▶ Exercise
Find the line that holds "A green viviparous", then repeat it and each line below it word for word through the end of the listing, leaving out pictures.

▶ Collected material

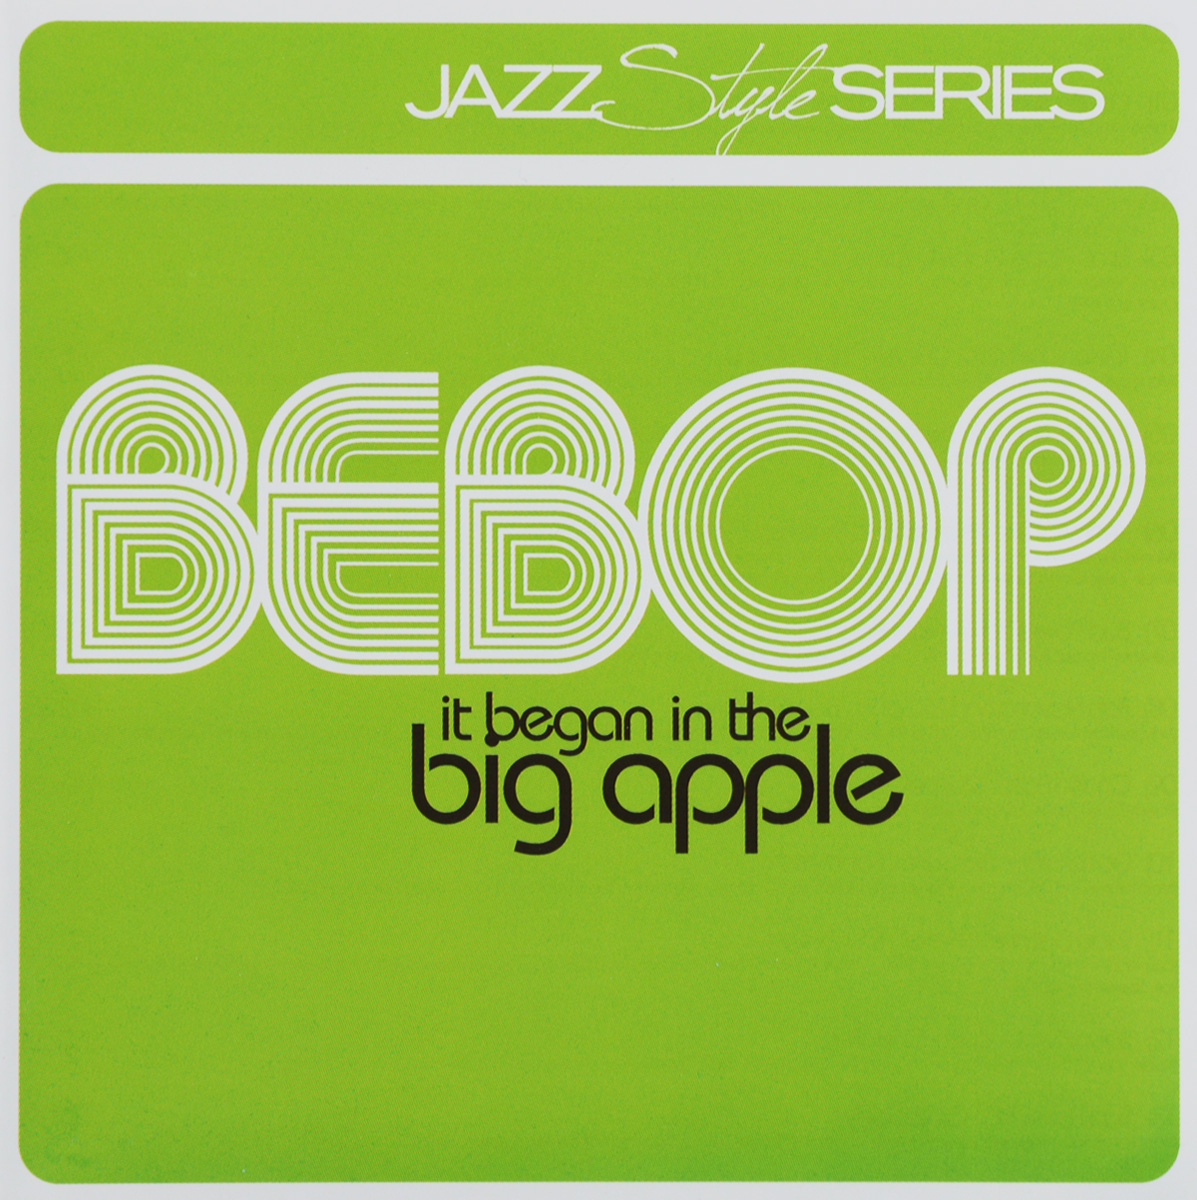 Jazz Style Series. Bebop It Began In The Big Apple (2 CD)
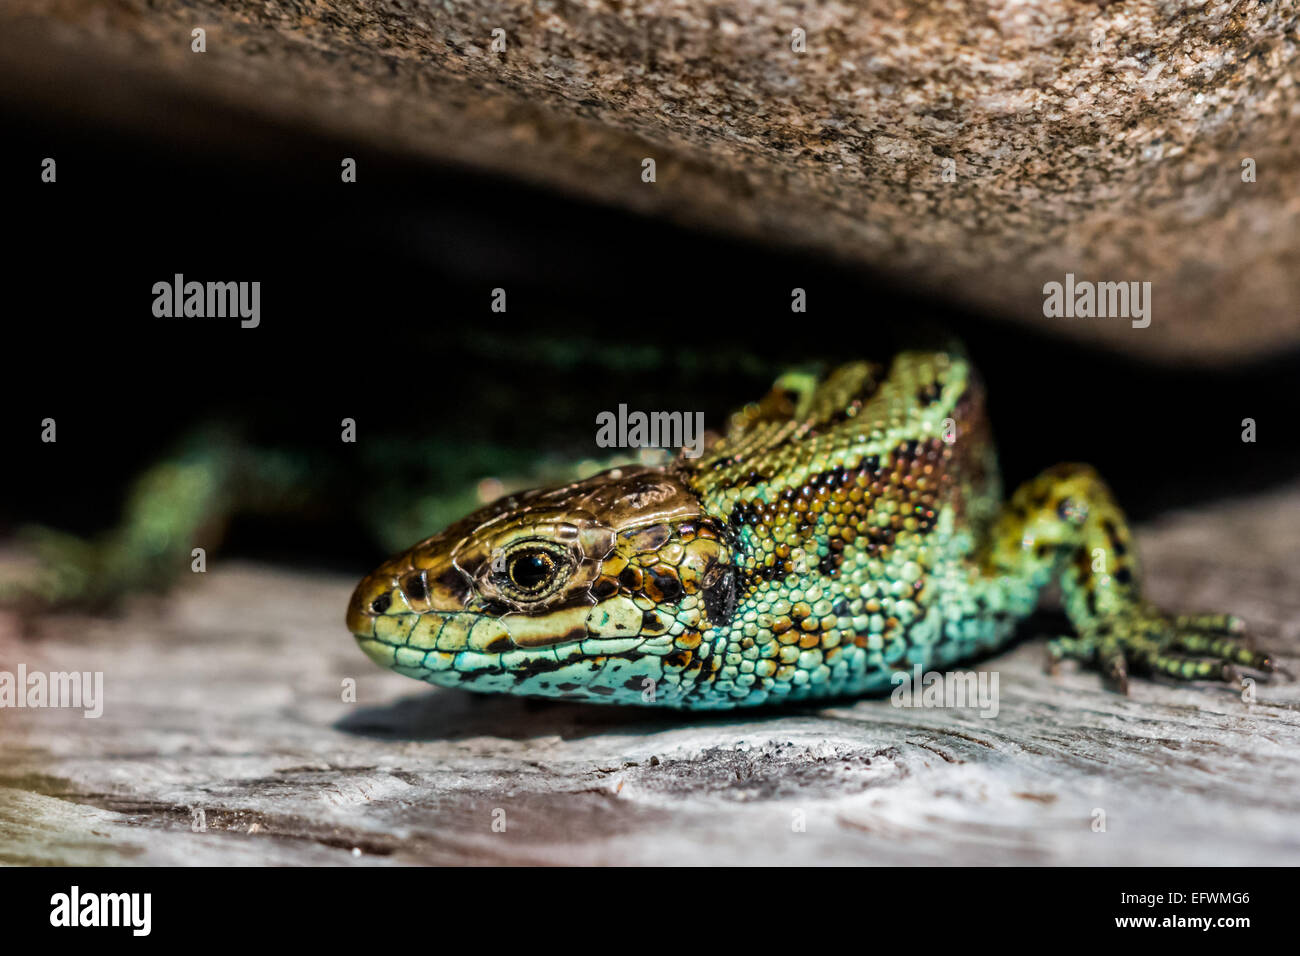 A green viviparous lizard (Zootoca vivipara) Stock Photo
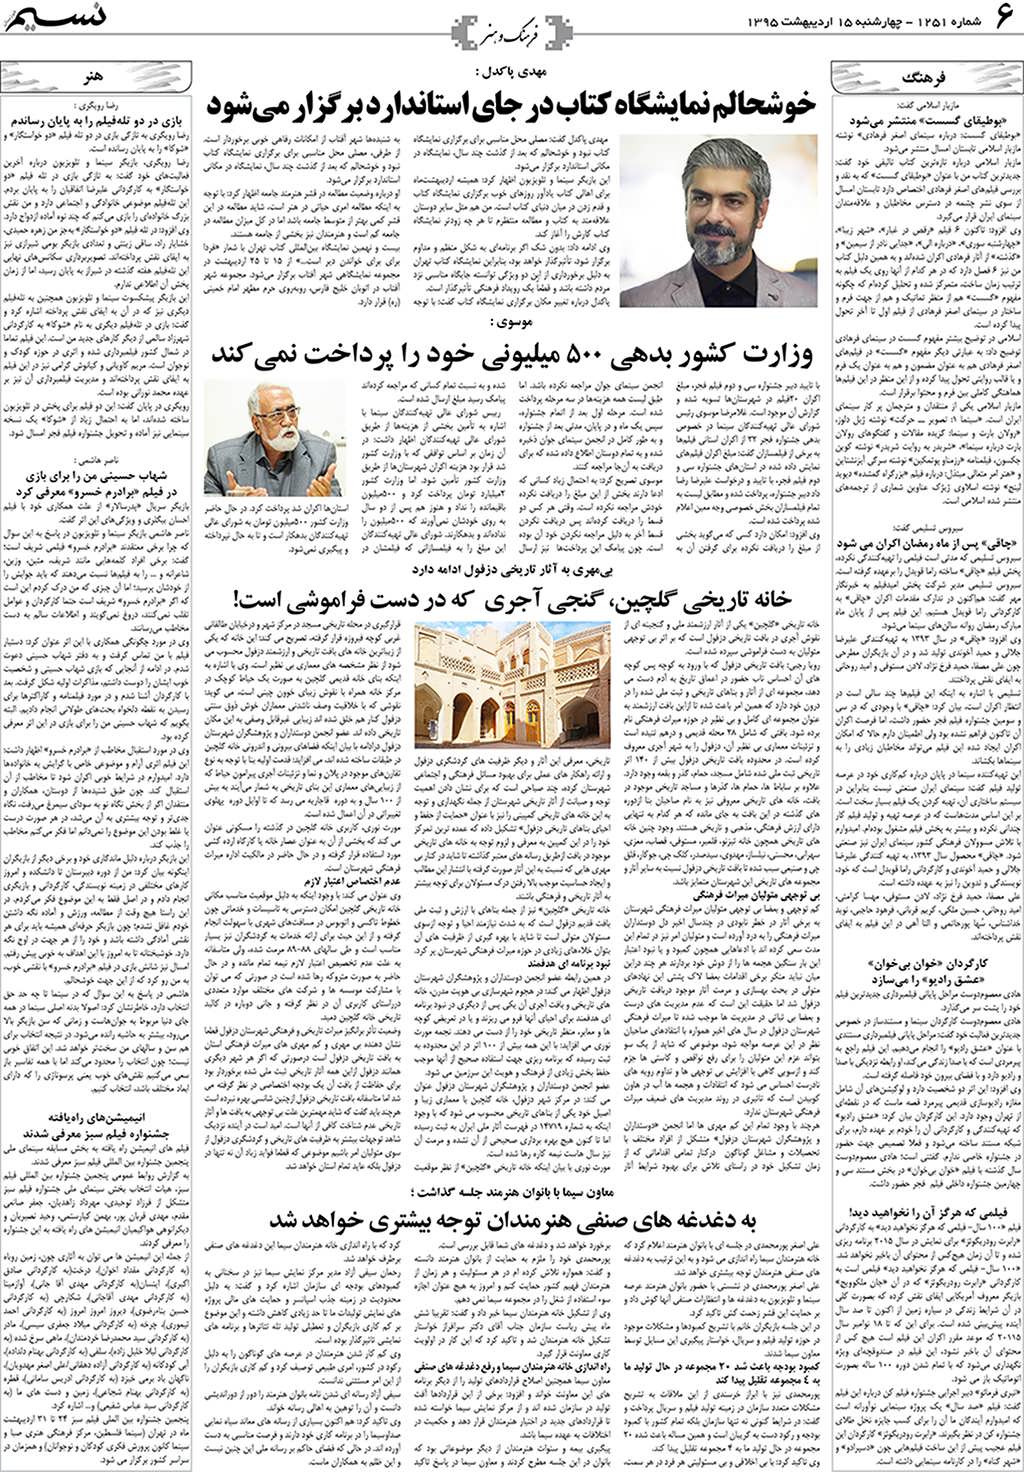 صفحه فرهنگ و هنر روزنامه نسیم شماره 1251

▶ Answer for the task
 A green viviparous lizard (Zootoca vivipara) Stock Photo
 صفحه فرهنگ و هنر روزنامه نسیم شماره 1251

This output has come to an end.